1. Field of Invention
The present invention relates to an engine knocking meter for automatically measuring knocking which occurs during abnormal combustion condition of an engine.
2. Prior Art
It is important to determine knocking which occurs during abnormal combustion condition of an engine in measuring performance of the engine such as an ignition advance angle of the engine for improving the performance of the engine. As the trend of lead-free gasoline is enhanced, the measurement of knocking is essential. In the past, the measurement of knocking has been relied on an experienced person's listening to knocking sound by his ears. Although this method is superior in that the knocking can be determined without requiring any modification of the engine, it has disadvantages that slight change in knocking sound cannot be determined and the determination of the knocking is difficult under a big noise condition that occurs during high speed rotation of the engine. Methods for automatically measuring the knocking have also been proposed.
One method thereof uses an acceleration detection system.
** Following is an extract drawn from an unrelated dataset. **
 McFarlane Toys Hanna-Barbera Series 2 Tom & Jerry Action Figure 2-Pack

In this method, vibration conveyed through a rigid body of the engine is sensed by an acceleration meter to measure abnormal vibration due to the knocking. Although this method is somewhat superior to the above method of determining the knocking by human ears in that the former can automatically determine the knocking, it still has a disadvantage that a detection sensitivity greatly changes depending on a position at which the acceleration meter is mounted. Furthermore, under the high speed rotation condition of the engine, it is very difficult to distinguish the vibration of the engine per se from the vibration due to the knocking.
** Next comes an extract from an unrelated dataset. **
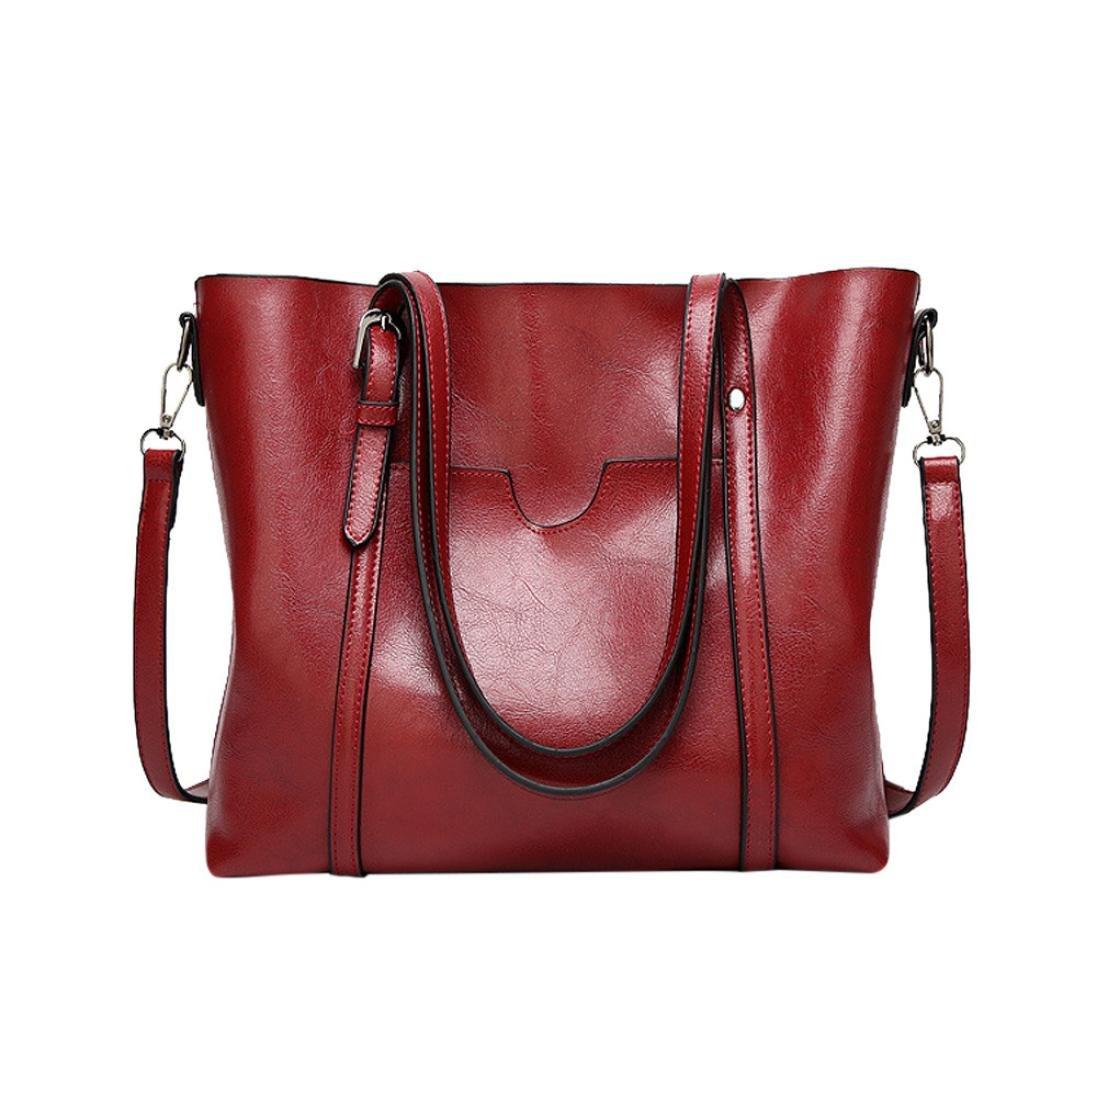 BCDshop Fashion Tote Bag Women Handbag Purses Ladies Vintage Work Travel Shoulder Bags,Large (Red)

A second method applies a system for detecting a pressure within a combustion chamber. In this method, an engine pressure meter using a semiconductor strain gauge or the like is used to detect abnormal change in pressure due to the knocking which is superimposed on a combustion pressure signal of a cylinder. Although this method is advantageous in that the knocking can be precisely determined, it has a disadvantage that it is difficult to mount the engine pressure meter because of its characteristic and structure and hence the operability is poor. Furthermore, this method is expensive.
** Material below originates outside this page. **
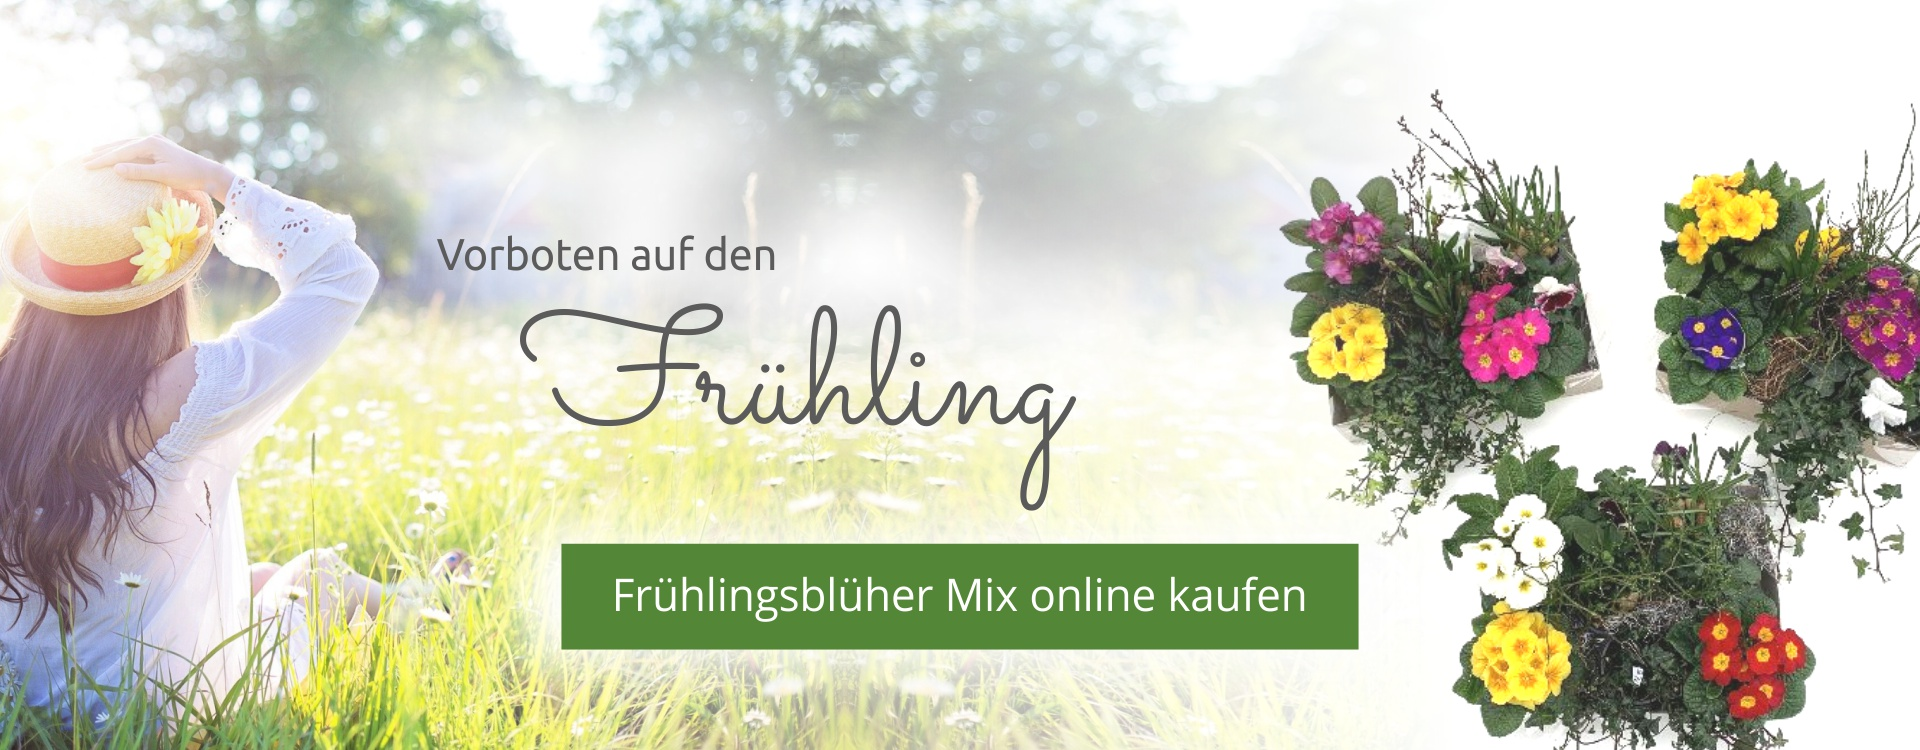 Frühlingsvorboten,Frühlingsschalen1920x750

A third method applies a pressure sensing plug system. In this method, a washer portion of a spark plug is made of a piezoelectric transducer of ceramics so that a pressure applied to the spark plug is changed in accordance with the change of pressure within the cylinder, and the change in the pressure applied to the plug is detected as an electrical signal by piezoelectric effect of the piezoelectric transducer of ceramics. This method is relatively effective because no modification of the engine is required since the piezoelectric element is of small size and it can be readily mounted or detached and it is cheap. However, this method has a drawback that undesired noises such as noises due to engine vibration or ignition noises are introduced in the knocking signal because the piezoelectric element in nature has a very high output impedance of the order of 10.degree. .OMEGA. or higher and hence the ignition noises are greatly introduced and the vibration of the engine is readily picked up. It has a disadvantage of small S/N ratio particularly when the engine is rotating at a high speed.
All of the prior art methods described above have advantages as well as disadvantages and they are not satisfactory in achieving ideal determination of the knocking.
FIGS. 1A and 1B show waveforms of electrical signals representative of pressures in the cylinder detected by the pressure sensing spark plug. FIG. 1A shows a combustion pressure waveform detected under normal combustion condition while FIG. 1B shows a combustion pressure waveform detected under abnormal combustion condition where knocking is occurring in the engine. In FIGS. 1A and 1B, reference character A denotes a signal indicative of a pressure waveform in the cylinder, reference character B denotes a signal indicative of ignition noise waveform, reference character C denotes a signal indicative of abnormal pressure waveform due to the knocking, reference character D denotes a signal indicative of noise waveform due to the operation of a contact point, and reference character E denotes a signal of vibration noise waveform caused by mechanical vibration noise of the engine.
As seen from FIGS. 1A and 1B, the pressure detecting signal includes complex and various noises, and an S/N ratio between the engine knocking signal and other noises is very low.